- _WORK REQUEST_: Go through the listing below and retype exactly the lines starting at the one with "The Haunting Of Helmcken Alley bw.jpg" and ending at the one with "Demonstration by Navajo", skipping pictures.

- _TASK INPUTS_:
____

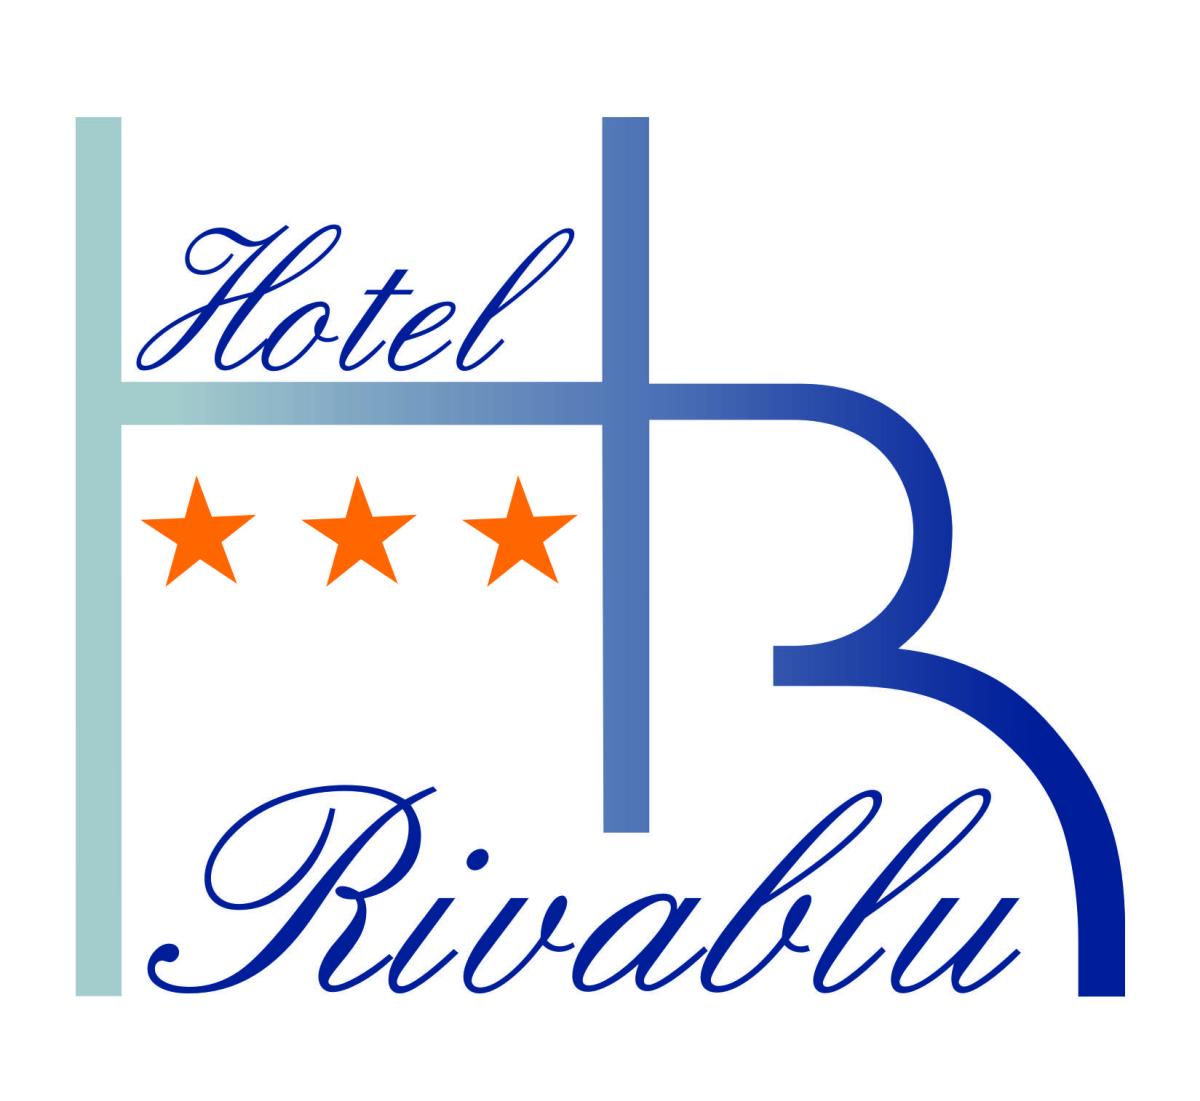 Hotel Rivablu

____

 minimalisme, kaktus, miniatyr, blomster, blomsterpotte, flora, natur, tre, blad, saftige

____

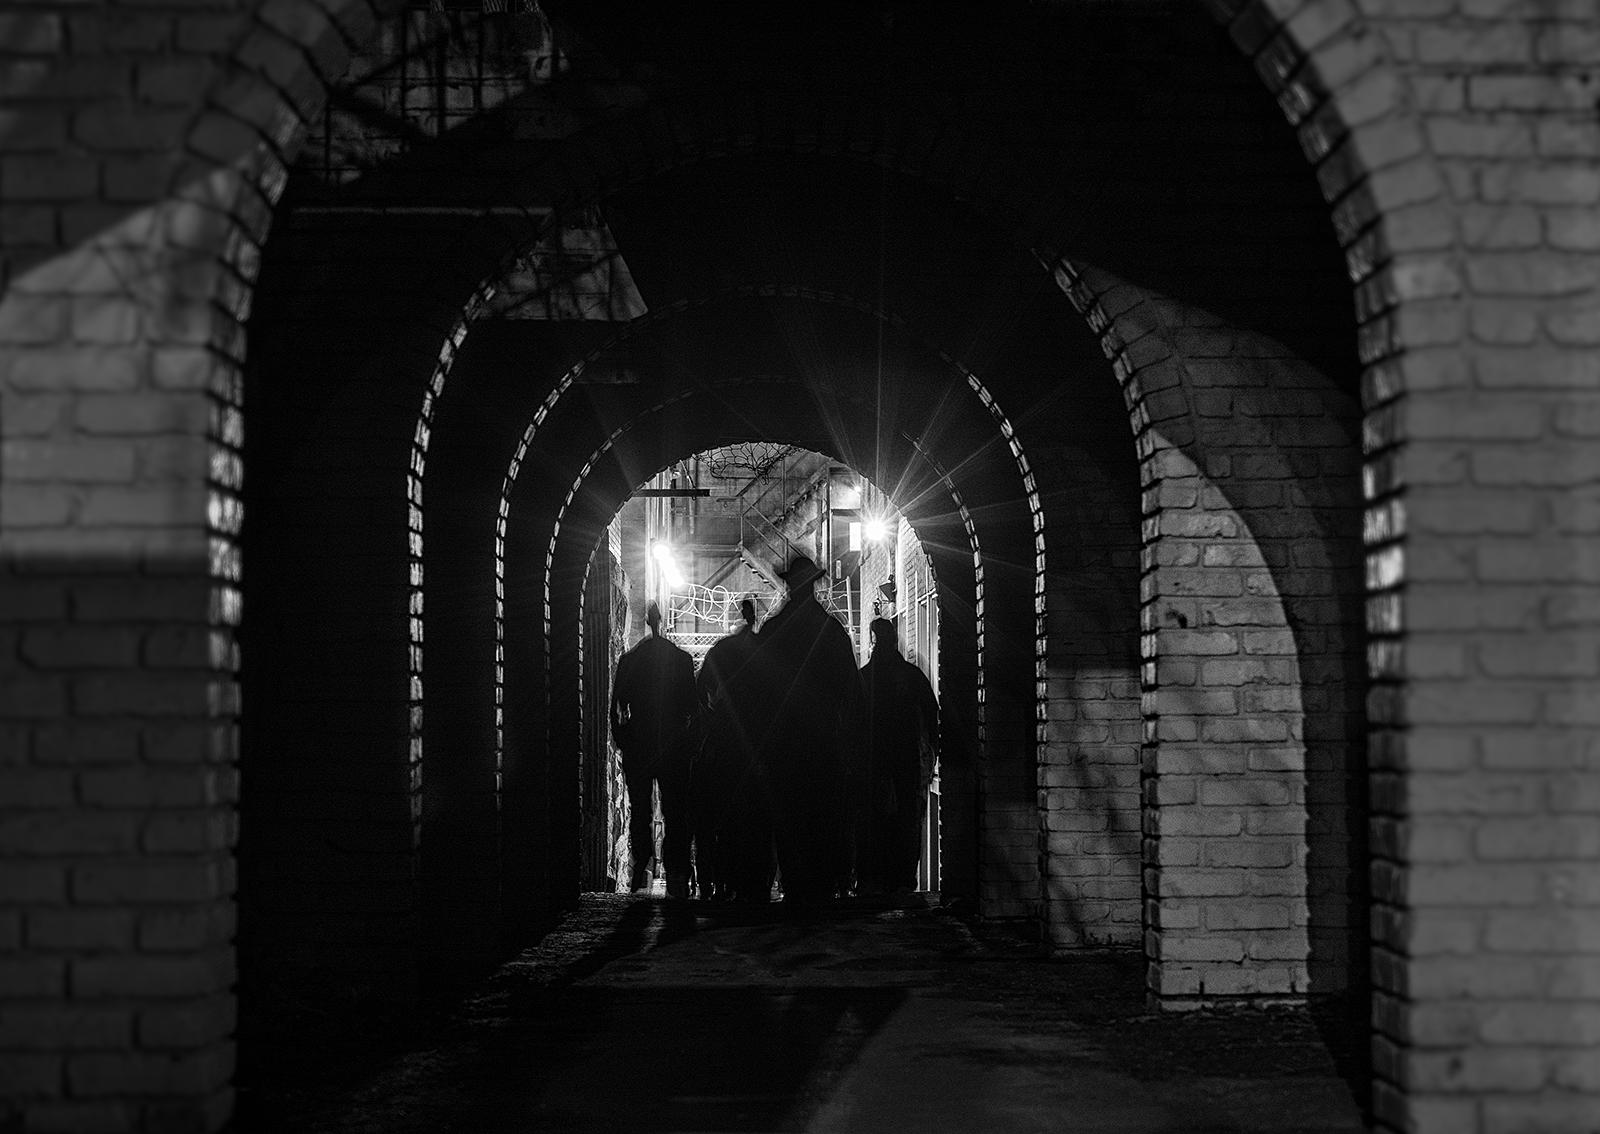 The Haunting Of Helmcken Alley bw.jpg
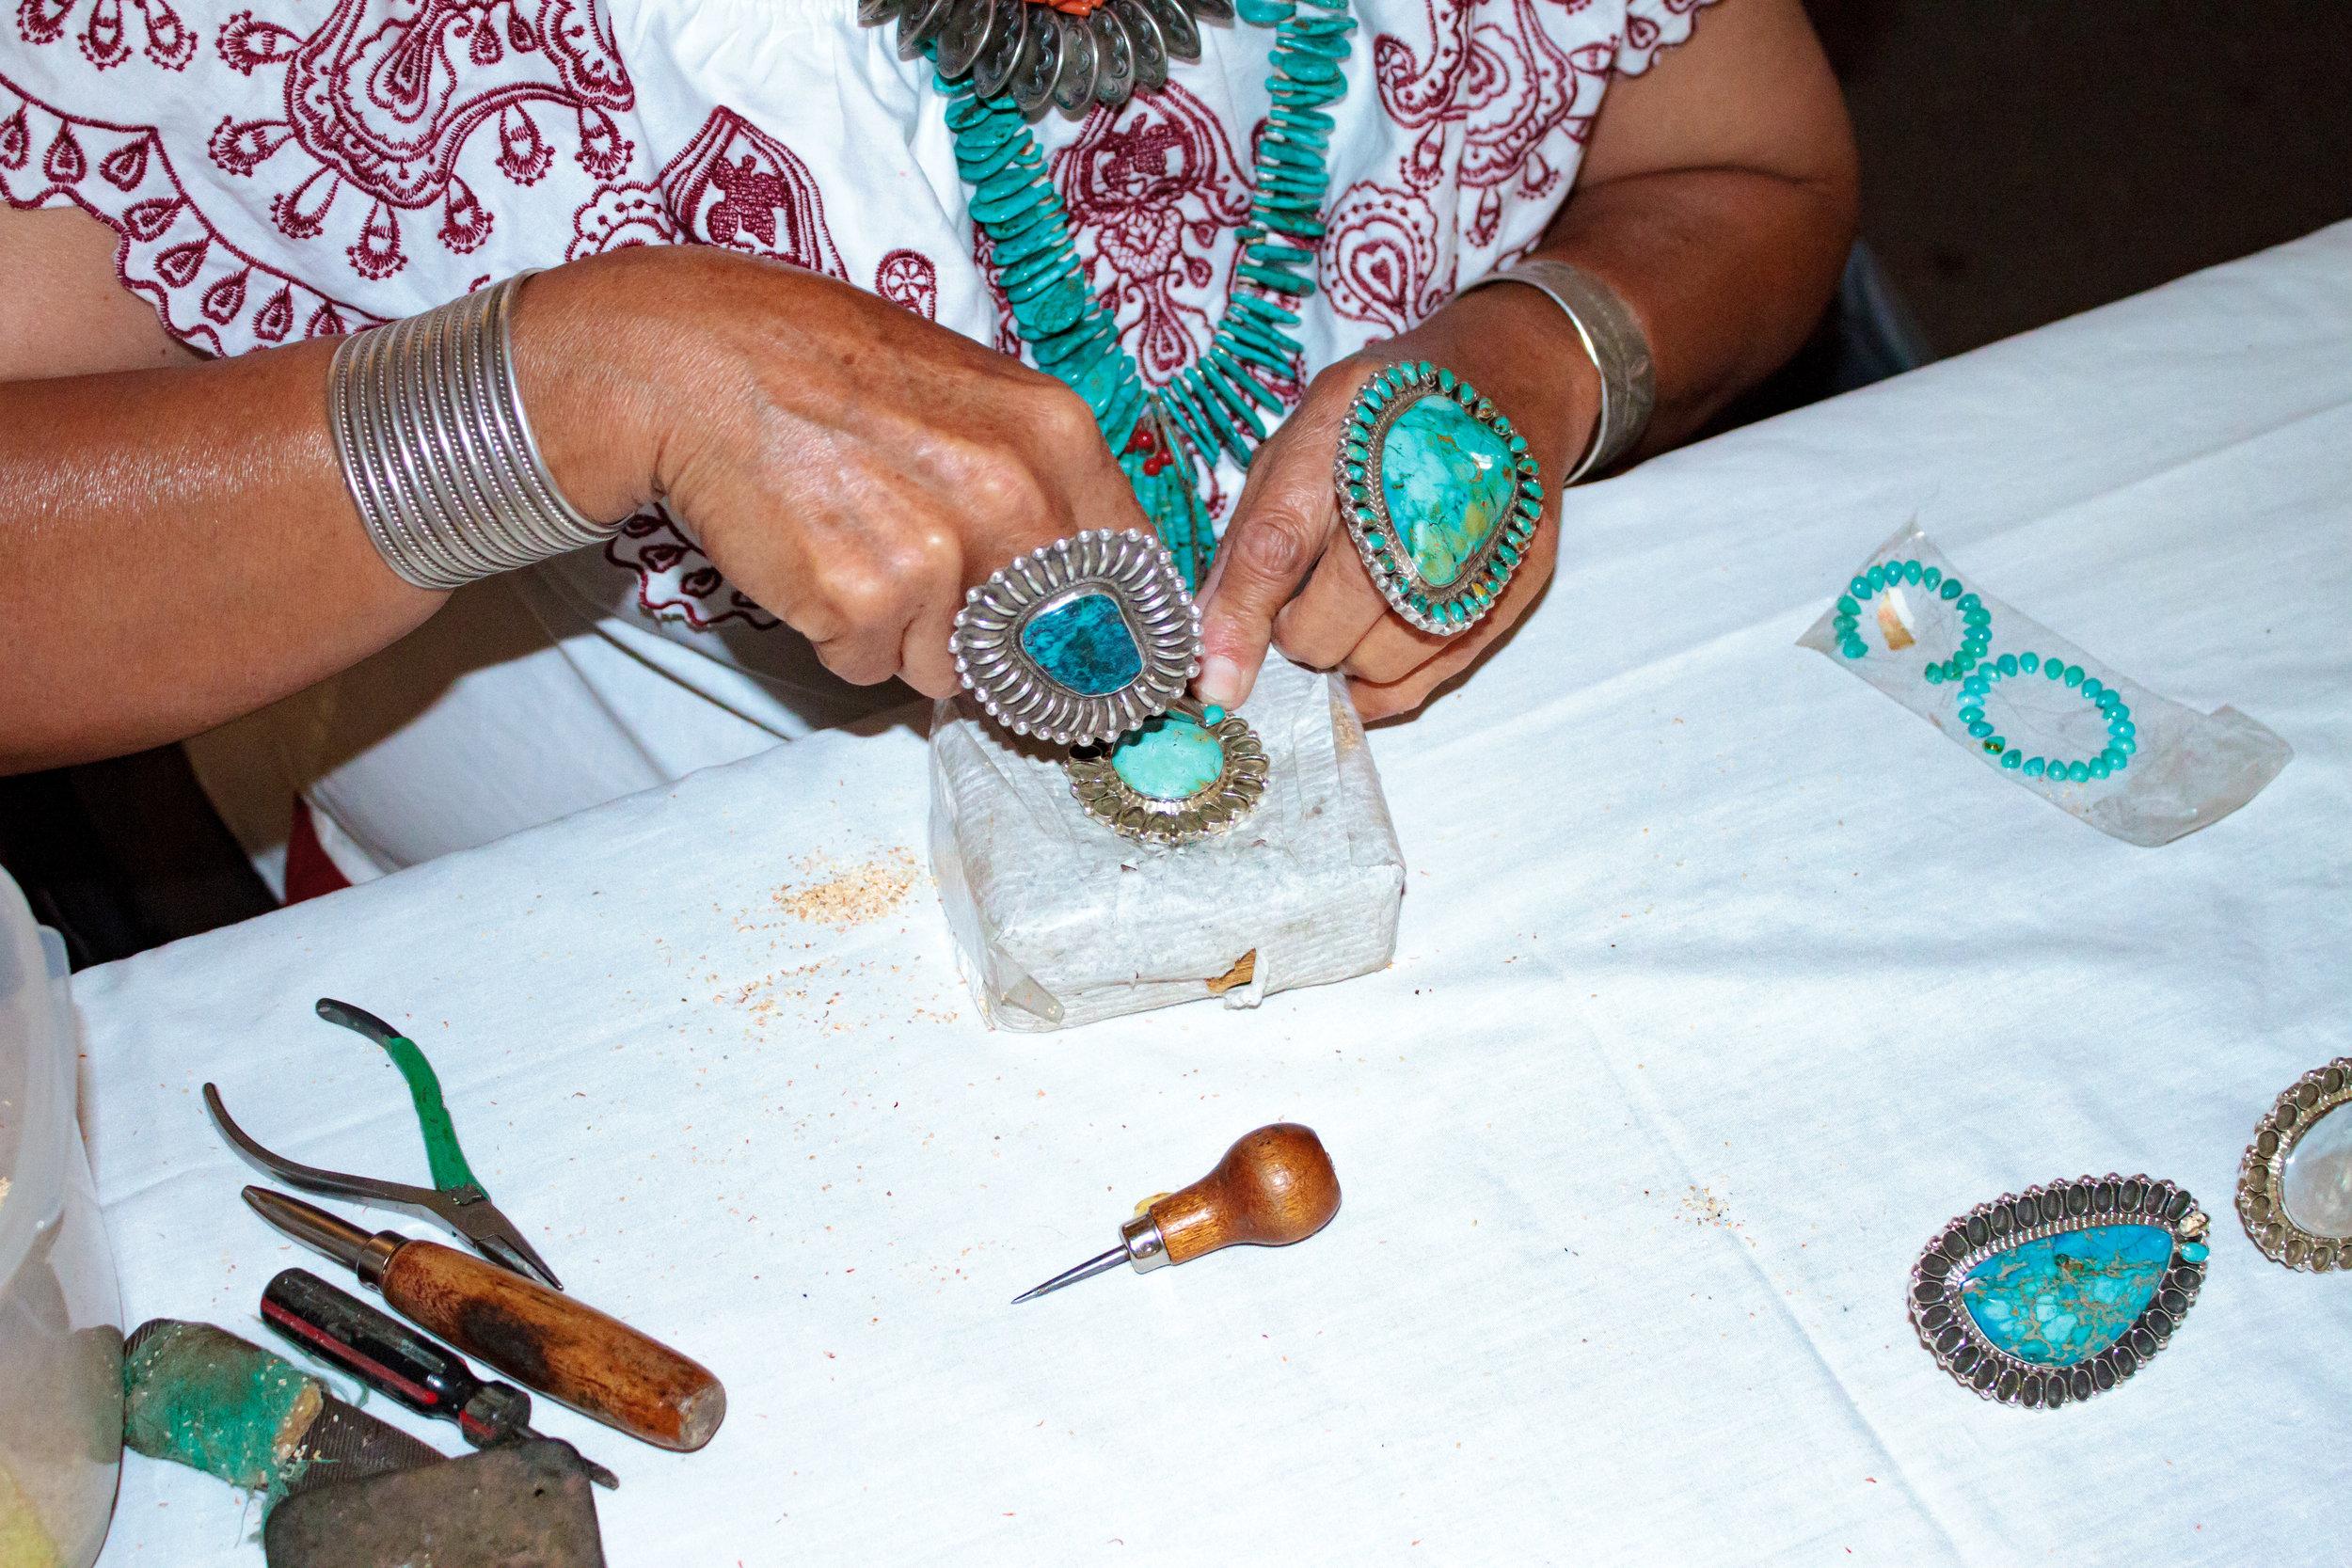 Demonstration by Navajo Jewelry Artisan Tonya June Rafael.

____

- _EXERCISE RESPONSE_:
 The Haunting Of Helmcken Alley bw.jpg
 Demonstration by Navajo Jewelry Artisan Tonya June Rafael.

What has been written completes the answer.